Как разрешилось это хитросплетение мы, к сожале­нию, не увидели – мы загнулись как крючки в припадке хмельного идиот­ского смеха, причём Яха, который когда-то уже успел снять знакомые нам всем трусики, умудрился тут же сунуть их в разинутый рот Зама.

Тот, отплё­вывая, проговорил «мокрые» и стал обнюхивать их – при сём Яха распла­стался прямо на земле и его стали постигать дичайшие судороги, глаза его заслезились, и весь он закраснелся, вены вздулись, как-то гортанно, еле передвигая перекошен­ную челюсть, весь похожий на черепок-экспонат из школы, он выдавил: «Я в них упустил… из пистика…». И опять за­шёлся. (В темноте и в желтовато-световом прямоугольнике из терраски всё это было не так видно, но я уж знал все симптомы.)  (…)

Я тоже не мог продыхнуть. Обернулся – Перекус тоже си­дит на земле, в слезах, в крови, весь красный и радостный, трёт, размазывая грязь, свои недавно проявившиеся усики. Несколько груст­ный Зам внезапно вдруг закатился сам, тоже повалился на спину, брыкаясь и указывая на Яху, который до того докорчился, что облевался.

- Ты, Зам, должен блевать-то, ну-у… - рассудил Кобазь, видимо, давно уже стоящий на порожке.

- Б…, Ельцин! Николайч-Борисыч Нельсон! вот он стоить! – как в оза­рении выкрикнул Яха, вперив перст в освещённую из двери фигуру Кобазя. Мы закатились повторно – сравнение было крайне метким: фигура, белая го­лова, лицо, какие-то вечно припухшие, прищуренные глазки.

Пока мы возились, незаметно Перекус нырнул к ним и они закрылись и потушили свет, вывесив снаружи большой замок. Вот те номер!

Яха принялся неистово колотить в дверь.

- Открывай, Курага! Думаете, постучим и уйдём – сидите без света! Я сразу просёк, что замок для близиру! Кобазь! пить будешь?!

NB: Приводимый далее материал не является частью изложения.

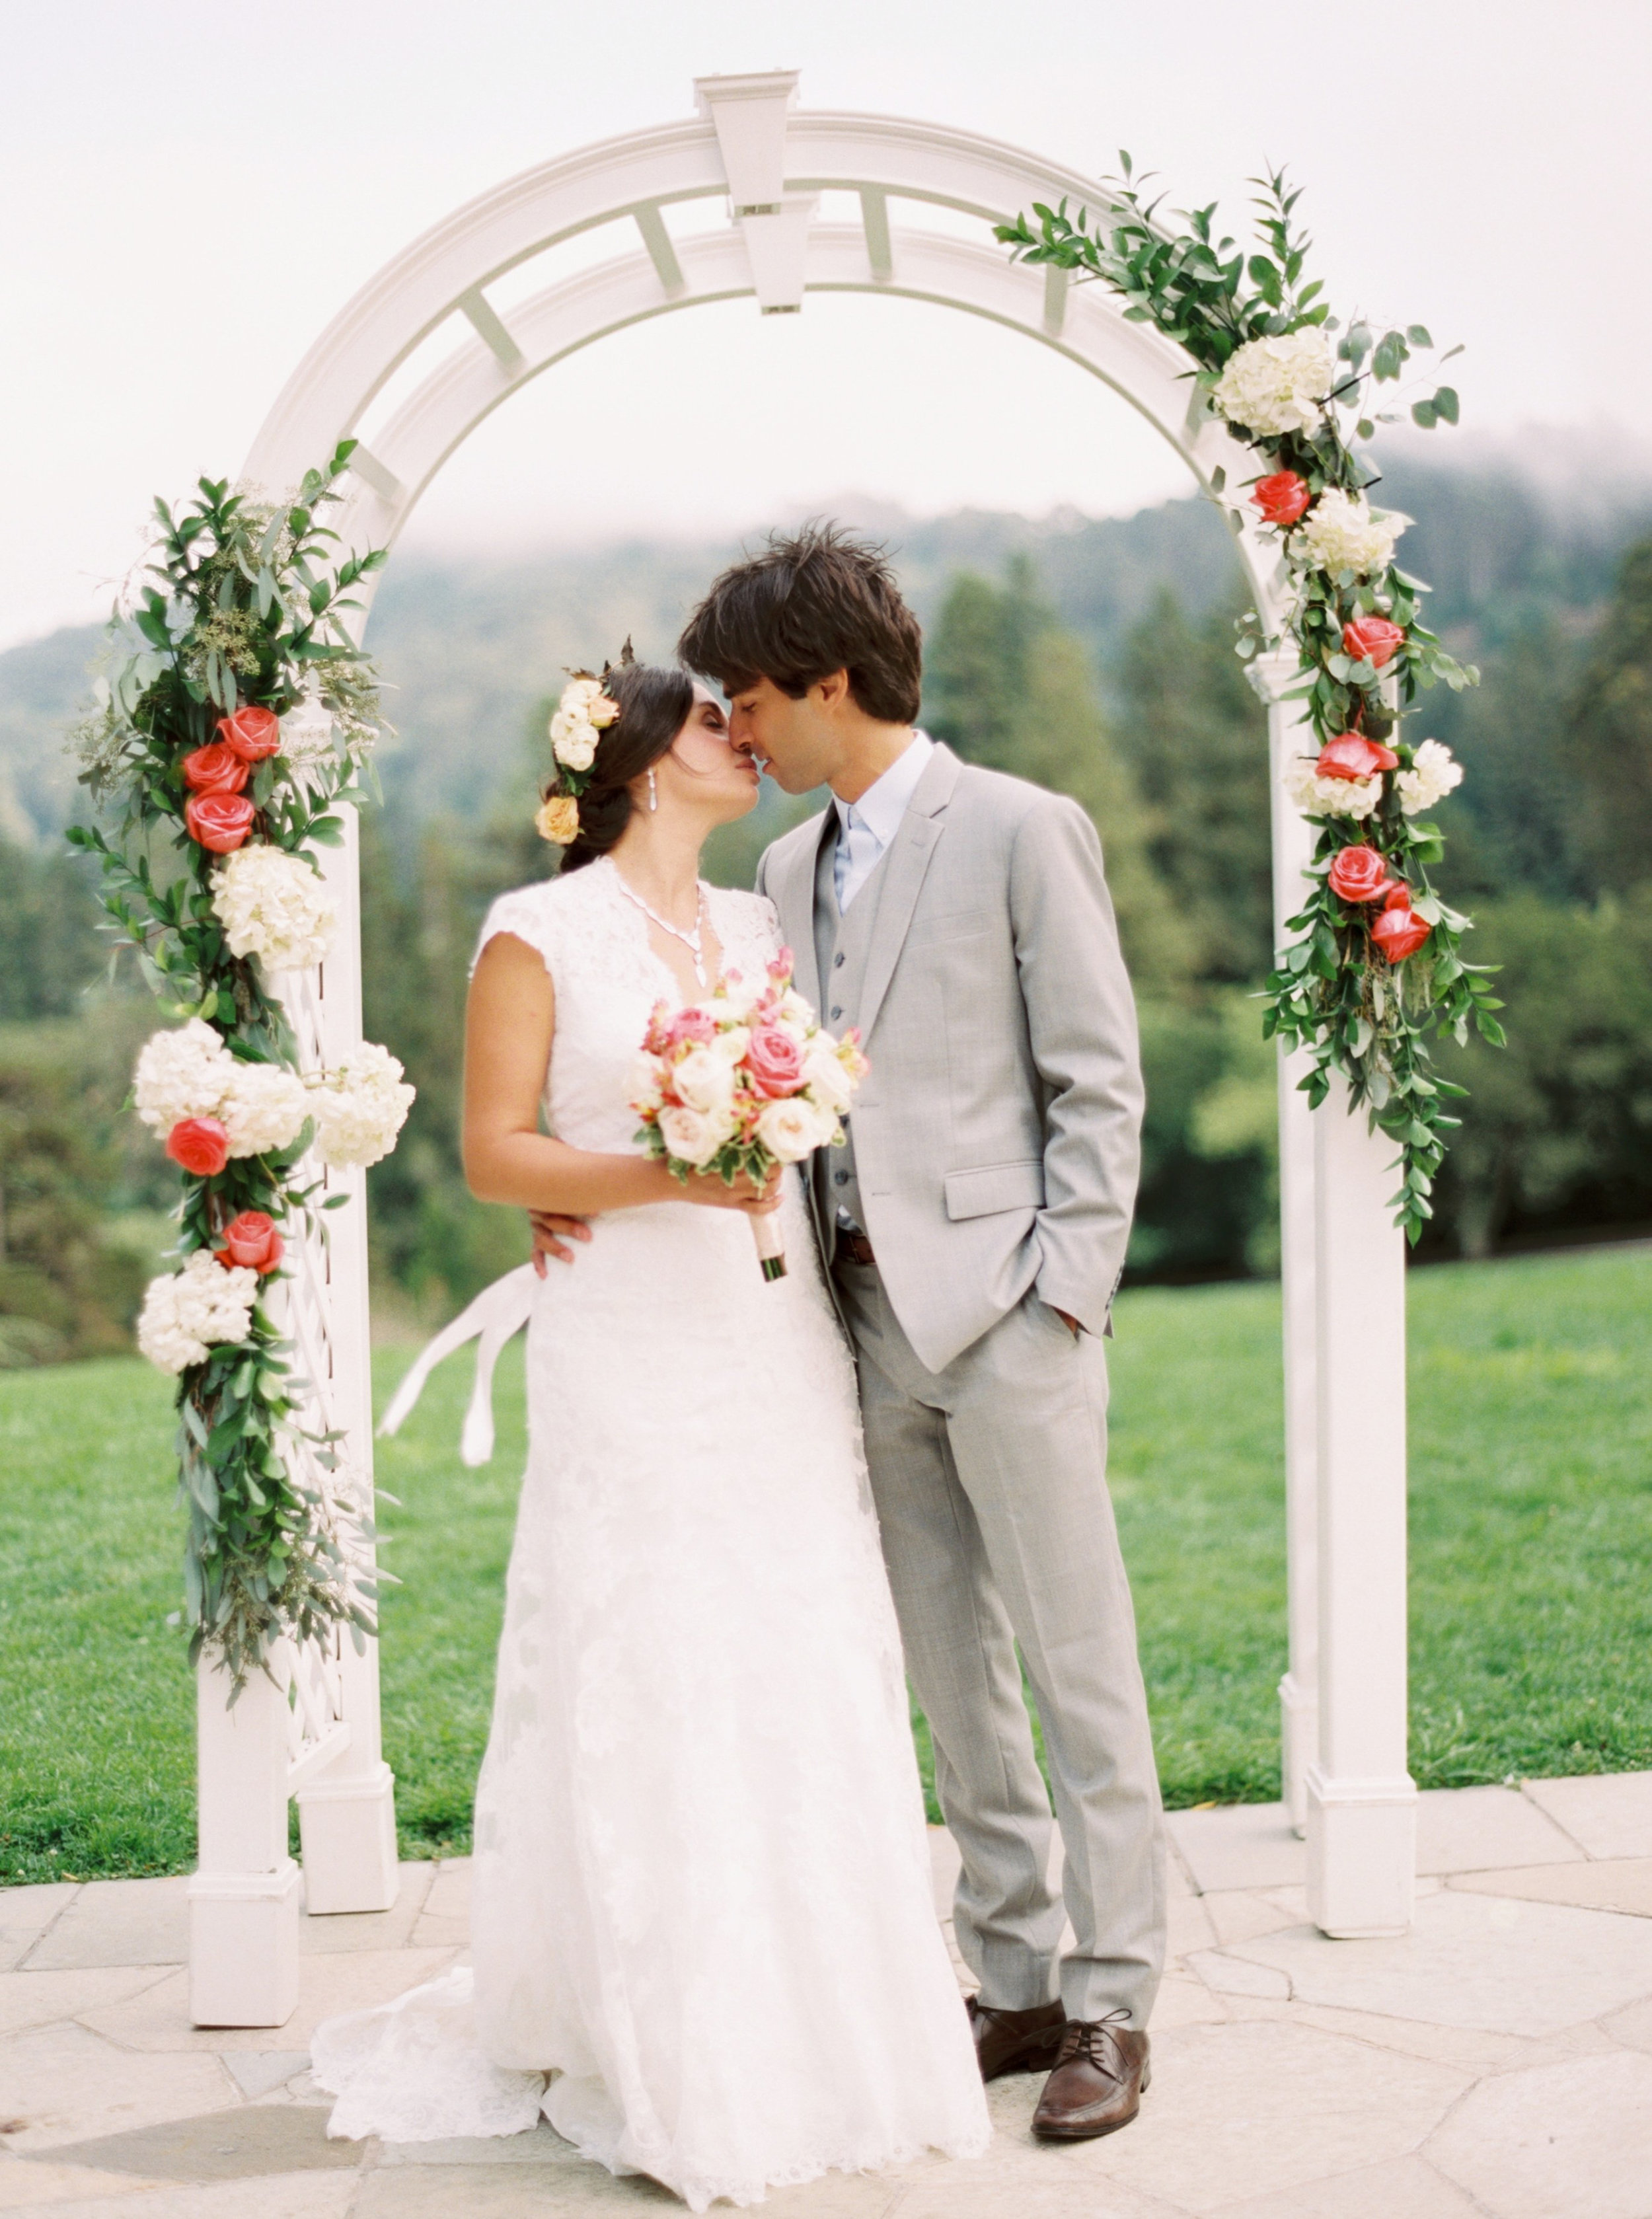 Blerina-and-Alain-wedding-283.jpg

Но никто не отзывался, было уже совсем темно на улице, а окошко зана­вешено. Долго уговаривал Зам «в своей манере» (по просьбе хитрого Яшки). Надоело и стали выпивать на пороге, нашли на поле боя и развели ещё пополам в какой-то грязной бутылке уже разведённый одеколон, еле протянули по стаканчику похожую на молоко или шампунь жидкость, и ещё осталось как раз на один ста­кашок.

- Последний. Вылей наверно, - вздохнул Зьмей, отказываясь.

- Перекус, пить будешь? – крикнул Яха.

- Буду, - отозвался Перекус из терраски, и тут же Кобазь:

- Козёл.

Мы вошли, включили магнитофон (но не ту запись). Перекус с Замом опять пытались прорваться «за блинцами», Ленка с Кобазём опять спле­лись… Я сидел на стуле у стола и разглядывал порнокартинки, развешанные недавно юным Ленкиным племянником. Яха весь маялся и мялся. Я тоже – никто не знал, как начать. Мы были уже что называется в дуплет. В Яхином магнитофоне что-то зашуршало и он по обыкновению треснул по нему кула­чищем. Внезапно я вскочил и залепил кулаком в картинку, изображающую двух beach bitch grrrls, перегнувшихся через велосипед, выставив очень большие попы в очень маленьких бикини. (…) «А вот и Нельсон!» - заорал я, случайно увидев на при­клеенной газете портрет Ельцина.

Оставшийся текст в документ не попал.